SAE - EIA-933
(R) Requirements for a COTS Assembly Management Plan
|Publication Date:||1 March 2015|
This document applies to the development of Plans for integrating and managing COTS assemblies in electronic equipment and Systems for the commercial, military, and space markets; as well as other ADHP markets that wish to use this document.
For purposes of this document, COTS assemblies are viewed as small electronic assemblies such as printed wiring assemblies, relays, disk drives, LCD matrices, VME circuit cards, servers, printers, laptop computers, etc. There are many ways to categorize COTS assemblies1, including the following spectrum:
• At one end of the spectrum are COTS assemblies whose design, internal parts2, materials, configuration control, and qualification methods are at least partially controlled, or influenced, by aerospace customers (either individually or collectively). An example at this end of the spectrum is a VME circuit card assembly. While the design, internal parts, materials, configuration control, and qualification methods are controlled by the assembly suppliers, the assemblies are targeted for ADHP applications, and thus the manufacturers expend considerable effort to understand their customers' needs; and they design, produce, and qualify their products accordingly. VME assembly suppliers are sensitive to feedback from their customers, and are willing to make changes in response to that feedback. The response is only general, however, and it is not likely that a specific change will be made unless the supplier determines it to be beneficial to the product's market performance.
• At the other end of the spectrum are COTS assemblies whose design, internal parts, materials, configuration control, and qualification methods are not controlled, or controllable, in any way by ADHP customers (either individually or collectively). An example is a disk drive targeted for an industry other than aerospace. Aerospace customers are not likely to obtain any information beyond the published data sheet; furthermore, the data sheet, and other important information, may be changed without notice. Typically, it is not possible for aerospace customers to purchase these assemblies to a specific issue of a data sheet.

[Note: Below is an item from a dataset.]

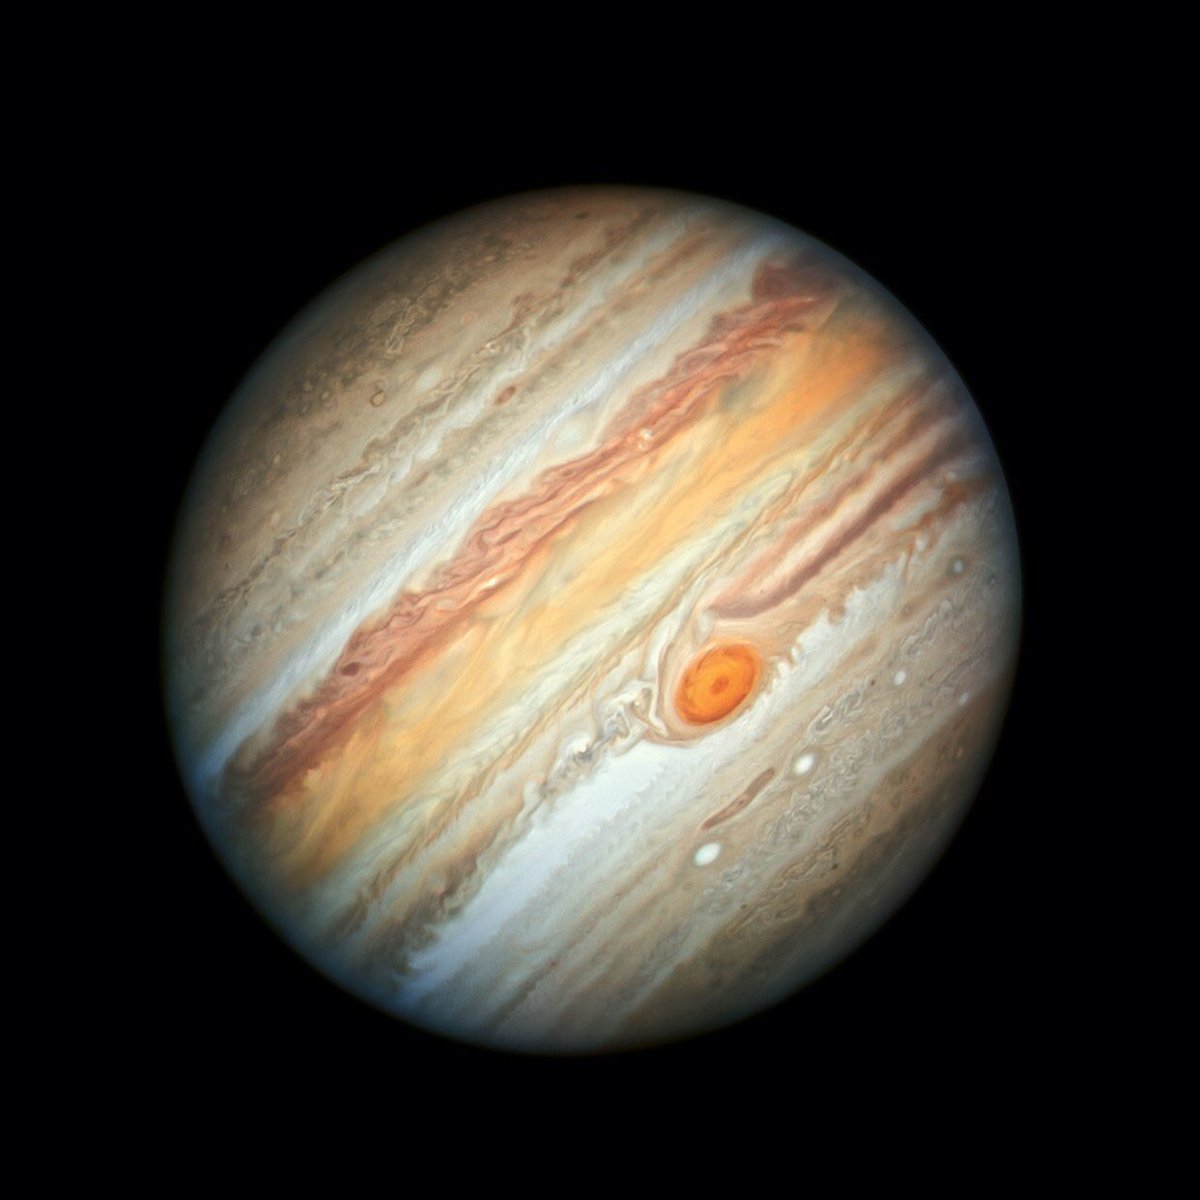 Nasaが木星の最新画像を公開した結果 全然美しくない 話題の画像プラス

It is critical for the Plan owner to (1) review and understand the design, internal parts, materials, configuration control, and qualification methods of all "as-received" COTS assemblies3, and their capabilities with respect to their application in the System; (2) identify risks, and where necessary, (3) take additional action to mitigate the risks associated with the performance and reliability of the COTS assembly in the ADHP system.
1 The distinction between an electronic component and an electronic assembly is not always recognized or agreed upon by the various industries involved; for example, filters, contactors, power supply modules, relays, magnetic assemblies, etc., may be considered as either components or assemblies. In each application, it is a recommended practice for the user of this document to clarify this distinction.
2 Requirements for managing the electronic components within electronic assemblies may be found in References 1-3, which describe the ADHP Electronic Management Program (ECMP). In some cases, it may be appropriate to view the COTS assembly as a component that can be managed with ECMP processes, using the requirements of References 1-3
3 It is noted that some assemblies are completely within the control of the aerospace customer, but they are not considered COTS, and are not addressed in this document.